Sibilla Aleramo, Dino Campana – Un viaggio chiamato amore

Perché non ho baciato le tue ginocchia?
Avrei voluto fermare quell’automobile giù per la costa, tornare al Barco a piedi, nella notte, che c’è il tuo petto per questa bambina stanca.Tornare. Come una bambina, questa del ritratto a dieci anni. Non quella che t’ha portato tanto peso di storie di memorie affannose, che t’ha parlato come se stesse ancora continuando il suo povero viaggio disperato, come se non ti vedesse, quasi, e non vedesse lo spazio intorno, la quercia ,l’acqua, il regno mitico del vento dell’anima… Tu che tacevi o soltanto dicevi la tua gioia. Sentivi che la visione di grandezza e di forza si sarebbe creata in me non appena io fossi partita? Nella tua luce d’oro. E non ho baciato le tue ginocchia.

 

Cara Sibilla,
Oggi faccio frasi: ossia: il mondo un deserto senza di te, oppure che cosa devo fare della mia verginità, oppure mi contenterei di vdeerti di abitare nell ostesso paese perché il mondo è ecc- Sibilla ti supplico, ti ho amato lo sai, ti assicuro ti giuro che non posso vivere così, tu non puoi privarmi della tua presenza, non posso vivere senza vederti, senza saperti. Ti giuro che non domando neppure il tuo saluto, sarò la tua ombra nella vita se vuoi, per morire posso essere senza di te. Ti ho adorato tanto questi mesi in mezzo al mio tormento mentre credevo di morire. Ma lassù c’era il ghiaccio e il silenzio, tu mi avresti dopo ritrovato puro dopo tutto il silenzio di tutte le cose. Sibilla perdono, per te sola ho fatto tutto. Non mi offendere, sarò il tuo amico silenzioso, non domando la gioia, voglio solo vederti. Farò tutto quello che mi comandi. Sibilla perché vuoi che muoia così lontano da te?

DUE PAROLE

Il titolo scelto per la raccolta di questo scambio epistolare durato due anni è preso da una poesia dello stesso Campana, precisamente da “In un momento”; il verso recita “erano le sue rose/erano le mie rose/ questo viaggio chiamavamo amore / col nostro sangue / e con le nostre lacrime / facevamo le rose”, che ai miei occhi è sembrato in primo acchito un po’ mieloso, ma che in realtà rivela la turbinosa essenza delle relazione tra i due protagonisti, visto che, a fronte di tutte le svolte contorte che la loro relazione ha avuto, di viaggio effettivamente si tratta.

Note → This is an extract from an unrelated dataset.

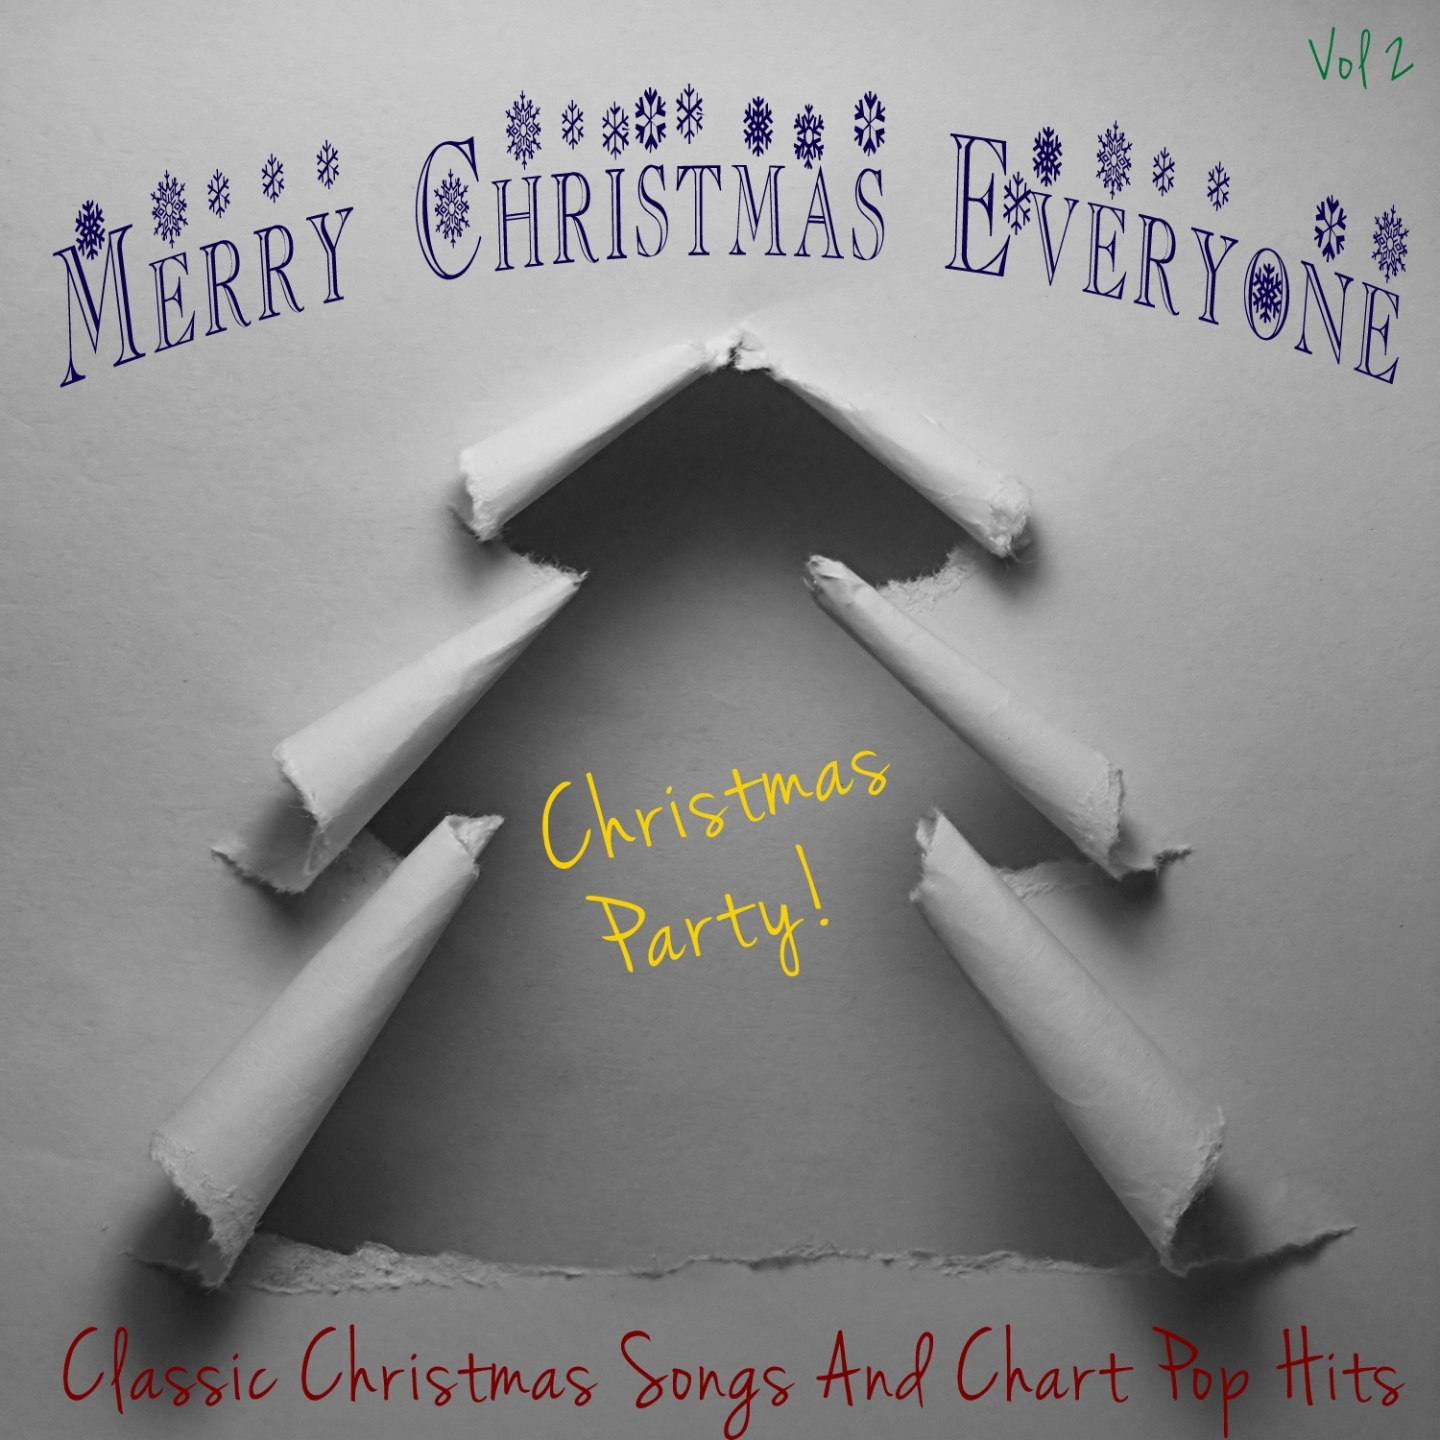 Merry Christmas Everyone - Christmas Party, Vol. 2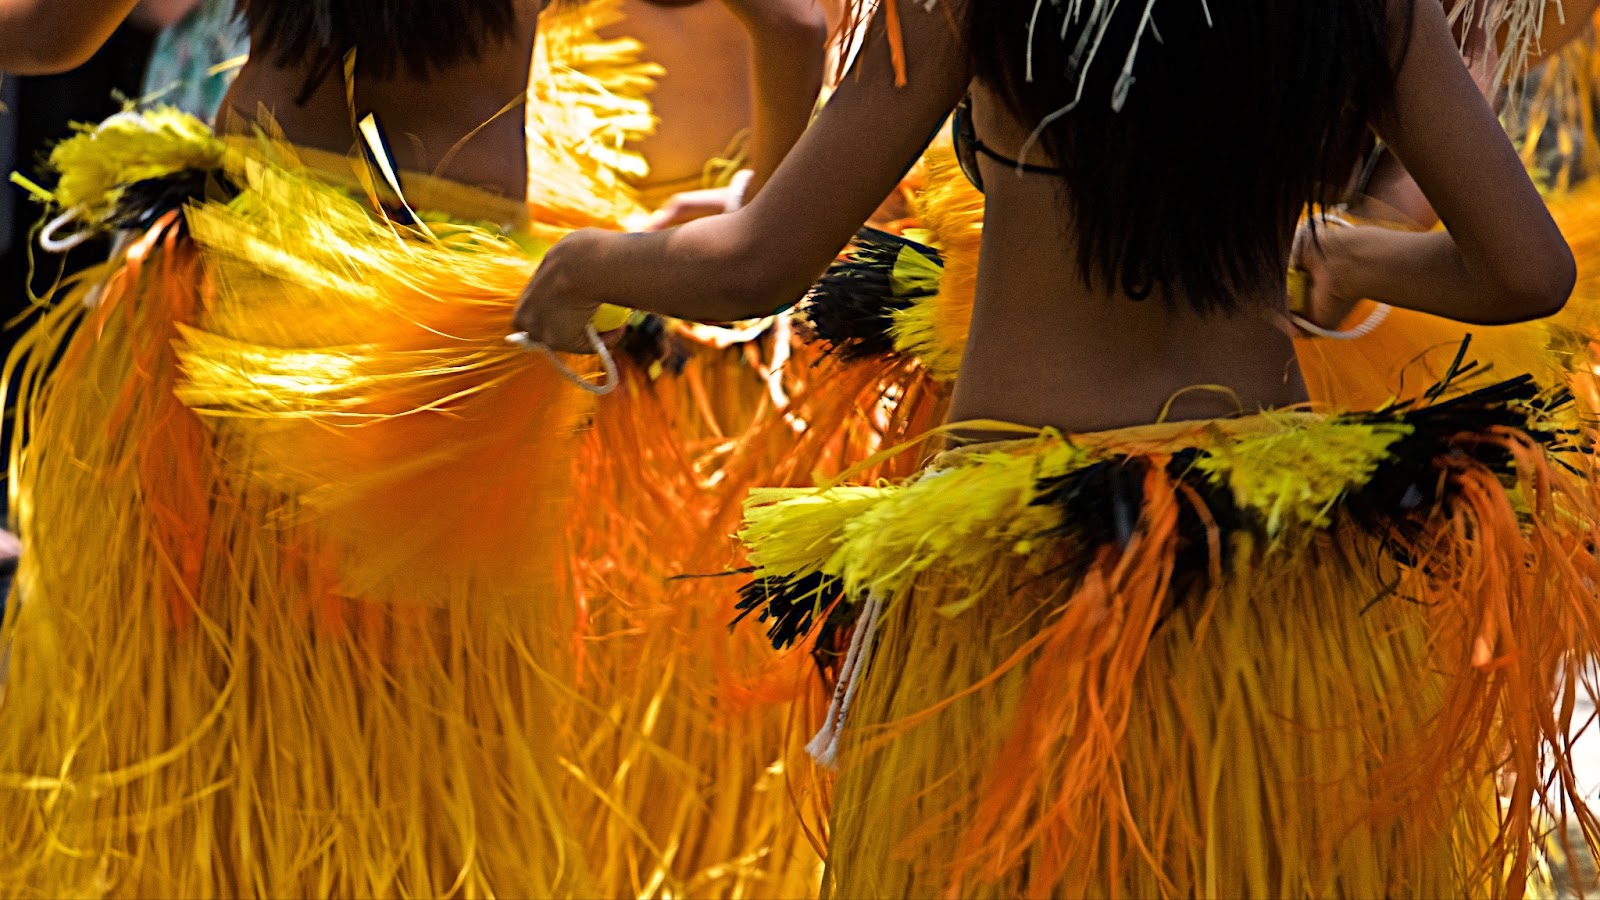  Colorful Hawaiian luau with traditional dancers and live music.

La lettura evidenzia l’instabilità emotiva e psicologia del poeta Campana, e ben rende la sua esistenza travagliata, dentro e fuori i riformatori per malati mentali, dentro e fuori i suoi sentimenti. Una sorta di maledizione accompagna entrambi gli amanti, assoggettati ai relativi lati oscuri. Sibilla (Rina Faccio) con la sua promiscuità, un po’ santa un po’ puttana. Dino con l’impetuoso dualismo di una mente spesso dissociata, nei suoi salti altalenanti fra l’amore e la violenza. Il grande valore di questa lettura sta nella sua autenticità. A differenza di romanzi epistolari (“che tu sia per me il coltello”, “il dolori del giovane Werther” o le “Ultime lettere di Jacopo Ortis”, per citarne alcuni) non esiste alcuna invenzione narrativa. Le lettere (spesso cartoline, o telegrammi) sono certosinamente documentate della redattrice del libro. La ricostruzione è fedele, storica. Testimonianza di un amore troppo grande, troppo passionale per poter essere dominato da sentimenti privi di redini.